Quindi il ricorso contro l’ordinanza dinanzi alla Corte di giustizia Ue, che ha ribaltato il quadro. Secondo i giudici del Lussemburgo il Tribunale “ha leso il diritto del ricorrente ad una tutela giurisdizionale effettiva, non avendo correttamente applicato le regole disciplinanti l’onere della prova e l’acquisizione delle prove nel contesto di un presunto respingimento sommario implicante Frontex”, si legge nelle motivazioni riportate dall’Agi. “Tenuto conto della difficoltà o persino dell’impossibilità per le vittime di un respingimento siffatto di raccogliere prove concludenti di quest’ultimo, nonché del fatto che prove simili possono essere detenute da Frontex – si legge in una nota della Corte Ue – il rispetto del diritto ad una tutela giurisdizionale effettiva impone di adeguare tale onere della prova. Pertanto, qualora un ricorrente che pretende di essere vittima di un respingimento sommario fornisca elementi sufficientemente dettagliati, specifici e concordanti per costituire un principio di prova, il Tribunale ha l’obbligo di istruire la causa al fine di poter appurare il reale verificarsi di tale respingimento e la presenza del ricorrente in occasione di quest’ultimo”. Nel caso di specie, quindi, il Tribunale avrebbe dovuto adottare delle misure per ottenere da Frontex tutte le informazioni pertinenti di cui dispone. La causa, conclude la nota della Corte Ue, “è stata quindi rinviata al Tribunale, che dovrà statuire nuovamente rispettando il diritto a una tutela giurisdizionale effettiva”.
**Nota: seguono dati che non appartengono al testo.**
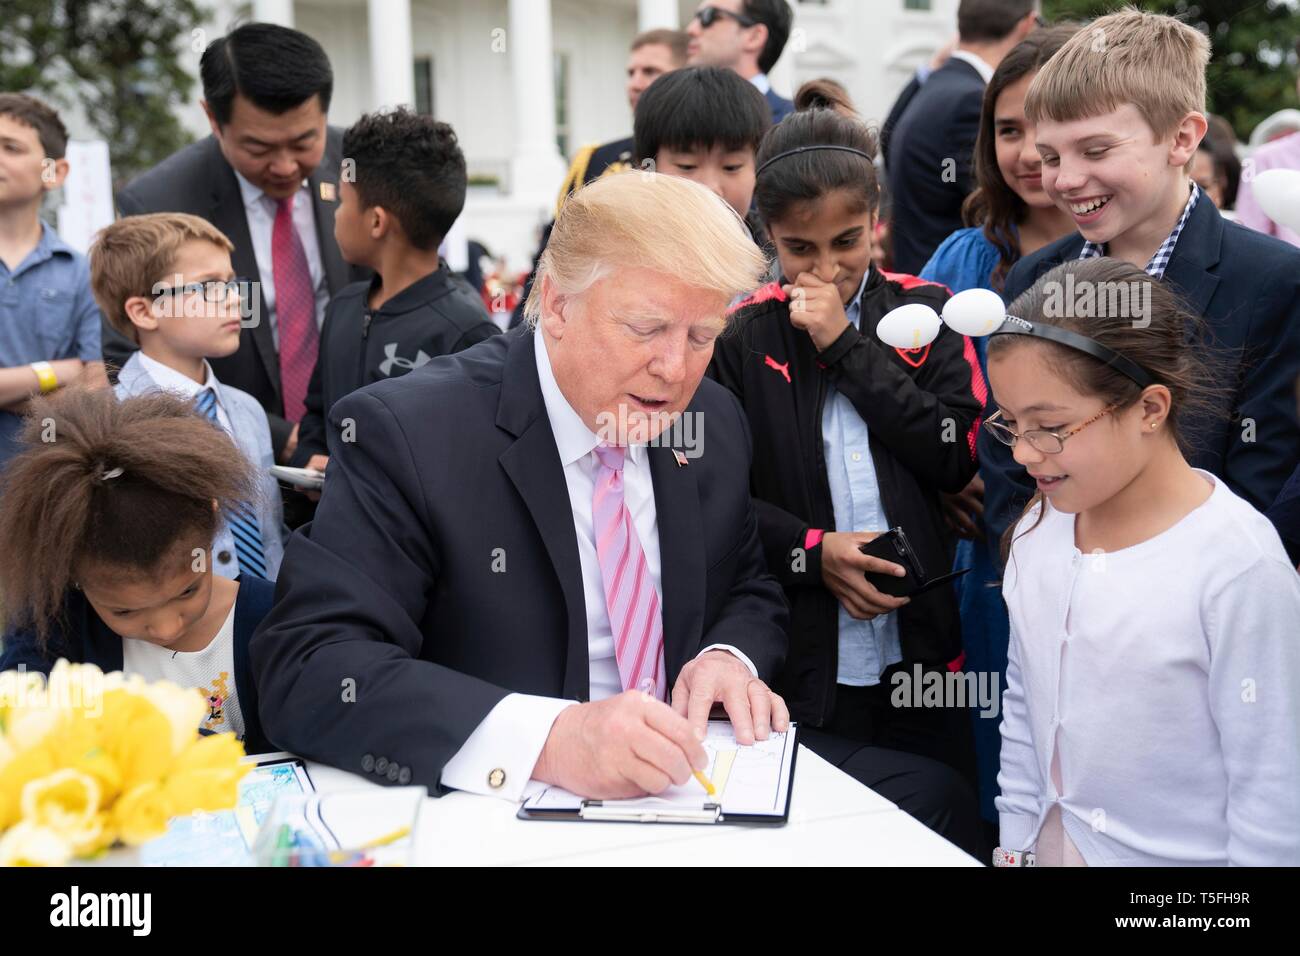 U.S presidente Donald Trump unisce i bambini ad una tabella di colorazione durante il White House Easter Egg Roll evento sul prato Sud della Casa Bianca Aprile 22, 2019 a Washington, DC. Questa è la 141anno per le relazioni annuali di primavera evento. Foto Stock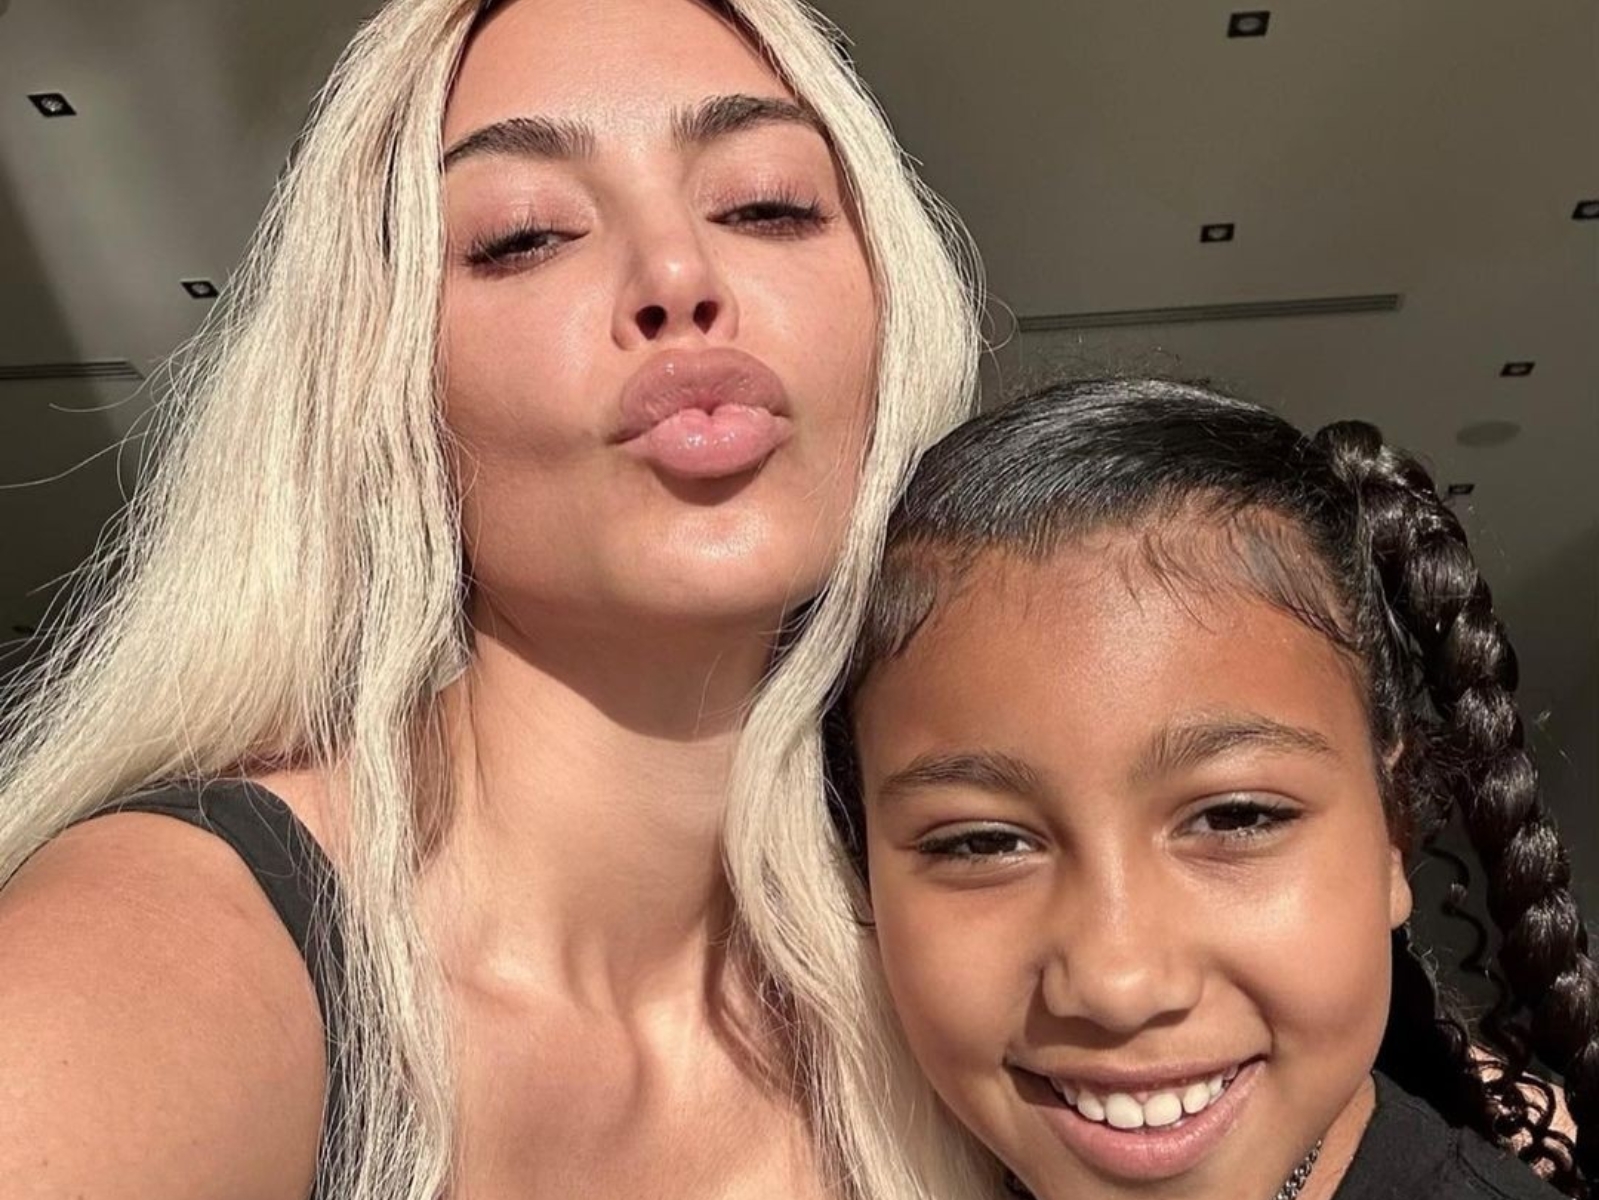 金卡戴珊 Kim Kardashian 把女兒 North West 畫成肯爺，謎樣舉動引熱議：「可憐的小孩，被媽媽操控！」

La seconda pronuncia della Corte di giustizia Ue riguarda invece una famiglia di cittadini siriani di etnia curda, composta dai genitori e i loro quattro figli, giunti sull’isola greca di Milos il 9 ottobre 2016, dove avevano espresso l’intenzione di presentare una domanda di protezione internazionale.
Tuttavia, solo pochi giorni dopo, la famiglia era stata trasferita in Turchia a seguito di un’operazione congiunta di rimpatrio condotta dalla Grecia e da Frontex. Temendo di essere rimpatriata in Siria dalle autorità turche, la famiglia era poi fuggita in Iraq.
Ritenendo che il trasferimento in Turchia costituisse un respingimento illegittimo e che, durante il trasferimento, fossero stati violati i suoi diritti fondamentali, la famiglia aveva presentato reclamo a Frontex, che lo aveva poi respinto. La famiglia curda aveva poi chiesto al Tribunale dell’Unione Europea di condannare Frontex al risarcimento del danno morale subito.
Nel 2023 il Tribunale aveva respinto il ricorso presentato dalla famiglia per mancanza di nesso causale tra il comportamento asseritamente illegittimo di Frontex e il danno subito. In fase di impugnazione la Corte di Giustizia Ue ha annullato gran parte di quella sentenza, rinviando la causa dinanzi ad esso tenendo conto degli obblighi di Frontex in materia di tutela dei diritti fondamentali delle persone soggette a operazioni congiunte di rimpatrio. In particolare i giudici del Lussemburgo rilevano come il Tribunale dell’Ue abbia sbagliato nel considerare che Frontex fornisse solo assistenza tecnica e operativa agli Stati membri, senza dover verificare l’esistenza di una decisione di rimpatrio.